Biggest Surprise: The Kids Are Alright
Opening the year with 7 players 20-years old or younger on their roster, Low-A South Bend has had surprising results. The SB Cubs were 13-10 in April, with their youngest players taking the lead. A pair of 20-year old lefty starters Brailyn Marquez and Faustino Carrera top the pitching staff. With 27 strikeouts, Marquez leads the team while Carrera is third with 19. In the field, OF Nelson Velazquez paces the club’s young players with a .326 average, while OF Cole Roederer is second with 15 RBI. The SB Cubs are also getting significant contributions from INF’s Fidel Mejia and Christopher Morel, as well as OF Jonathan Sierra. Mejia was hitting .333 before being injured, while Morel and Sierra have shown promise both offensively and defensively.
Biggest Disappointment: Myrtle Beach
With a record of 7-19 for April, the Pelicans blend of experienced first year professionals and holdovers is not meshing. Infielders Grant Fennell and Luke Reynolds; outfielders Jimmy Herron, Kevonte Mitchell, and D.J. Wilson; and pitchers Bryan Hudson, Alex Lange, and Paul Richan have all gotten off to slow starts.

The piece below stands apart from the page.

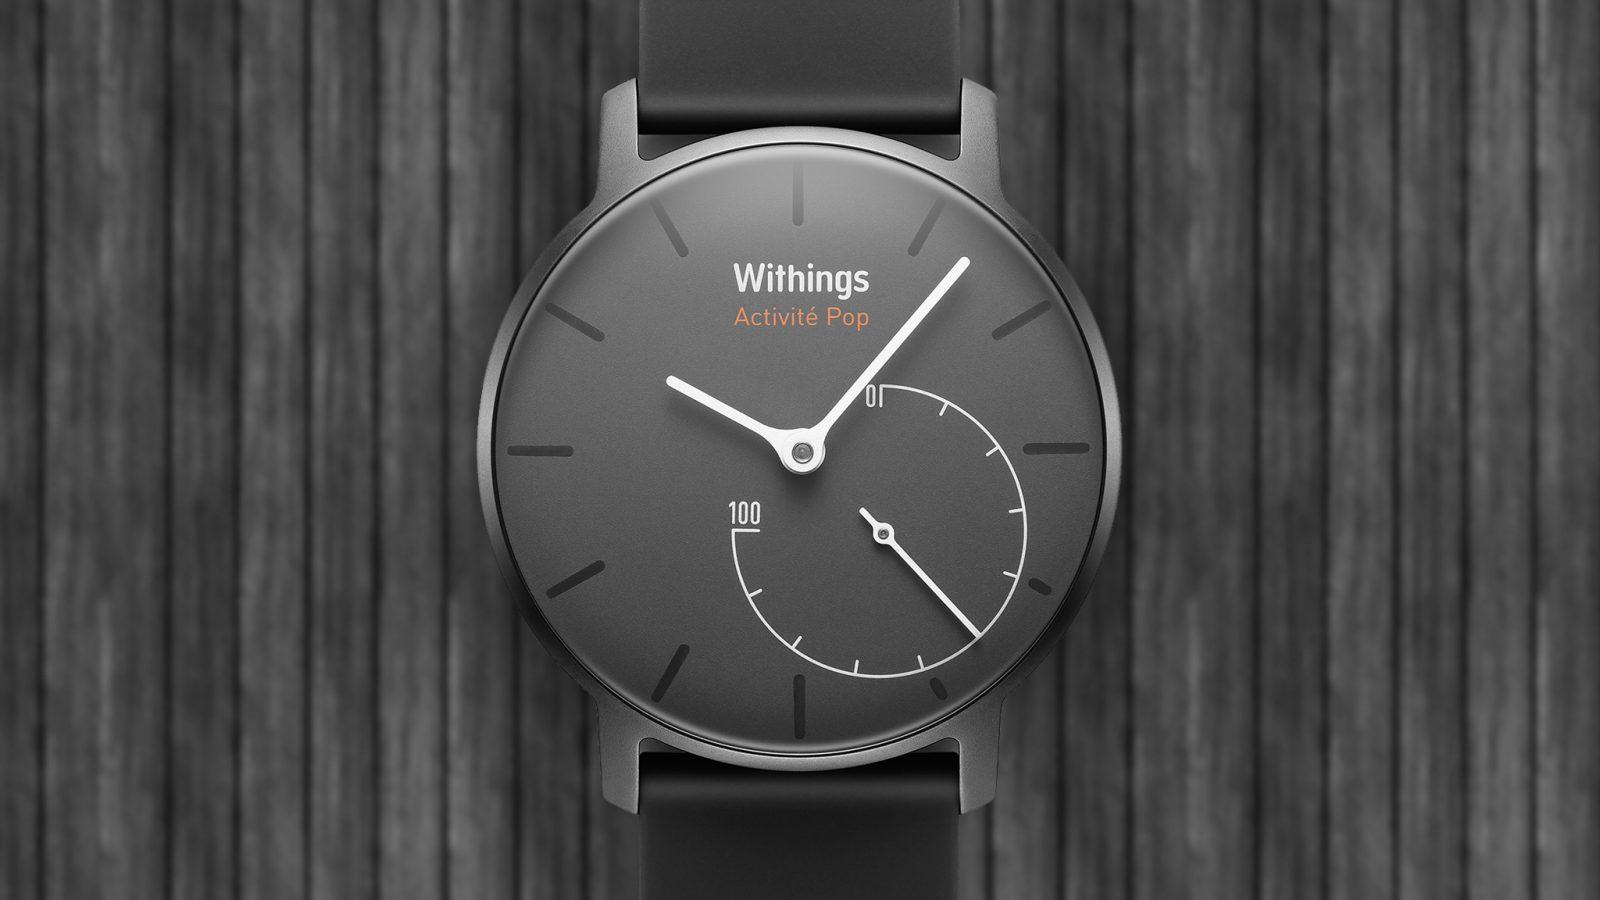 Recenzja Withings Activite Pop – fitness watch w dobrej cenie i o interesującym wzornictwie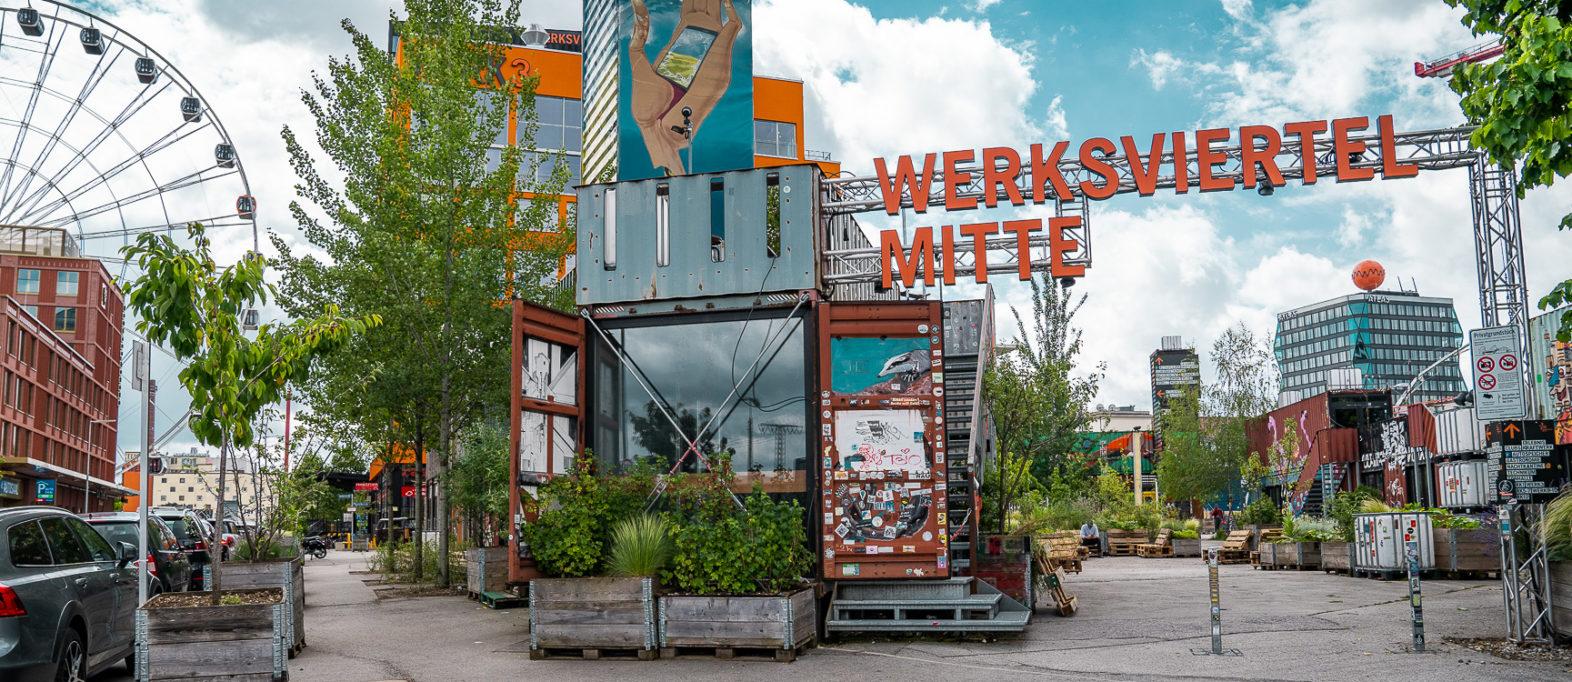 Geheimtipp München: 11 alternative Sehenswürdigkeiten für dein nächstes urbanes Abenteuer

All of the hitters are currently batting below .220 while the pitchers all have ERA’s over 4.00. At this point RHP Javier Assad is the bright spot with a 3.38 ERA, 1.292 WHIP, and 21 K’s in 24 innings. Infielder Aramis Ademan has been making some minor improvement, batting .262 with 2 homers and 13 RBI.
Uneven play has been the hallmark of the 11-12 April for Tennessee. The Smokies have received good play from SS Nico Hoerner (currently injured), 1B/OF Jared Young, and player of the month Higgins. Hoerner was hitting .300 with an .891 OPS before going down. Meanwhile, Young has slugged 3 home runs, has 20 RBI, and is batting .307. But for the most part, Tennessee has been buoyed by over-aged prospects in INF’s Robel Garcia and Vimael Machin. The 26-year old Garcia has 6 homers and 25 RBI to go with a .928 OPS from Machin. The Smokies pitching staff have alternated good and bad performances, with the exception of RHP Tyson Miller. Miller could be angling for a promotion with a current 1.07 ERA, 0.750 WHIP, and 25 whiffs in 25.1 innings.
Prospect followers are familiar with the term AAAA player. At 14-10 in April, the I-Cubs could be considered a AAAA team. With 24 players having major league experience, including bona fide big leaguers in OF Ian Happ, RHP Carl Edwards Jr., and LHP Brian Duensing, Iowa has cruised through the early part of their schedule. Added to that roster will be SS Addison Russell in May. With all that experience, Iowa has only a middle of the pack offense in the PCL. The I-Cubs however lead the league in defense and are third in both ERA and WHIP. While all that experience may be helpful for the Cubs this year, how it affects their player development down the road remains to be seen.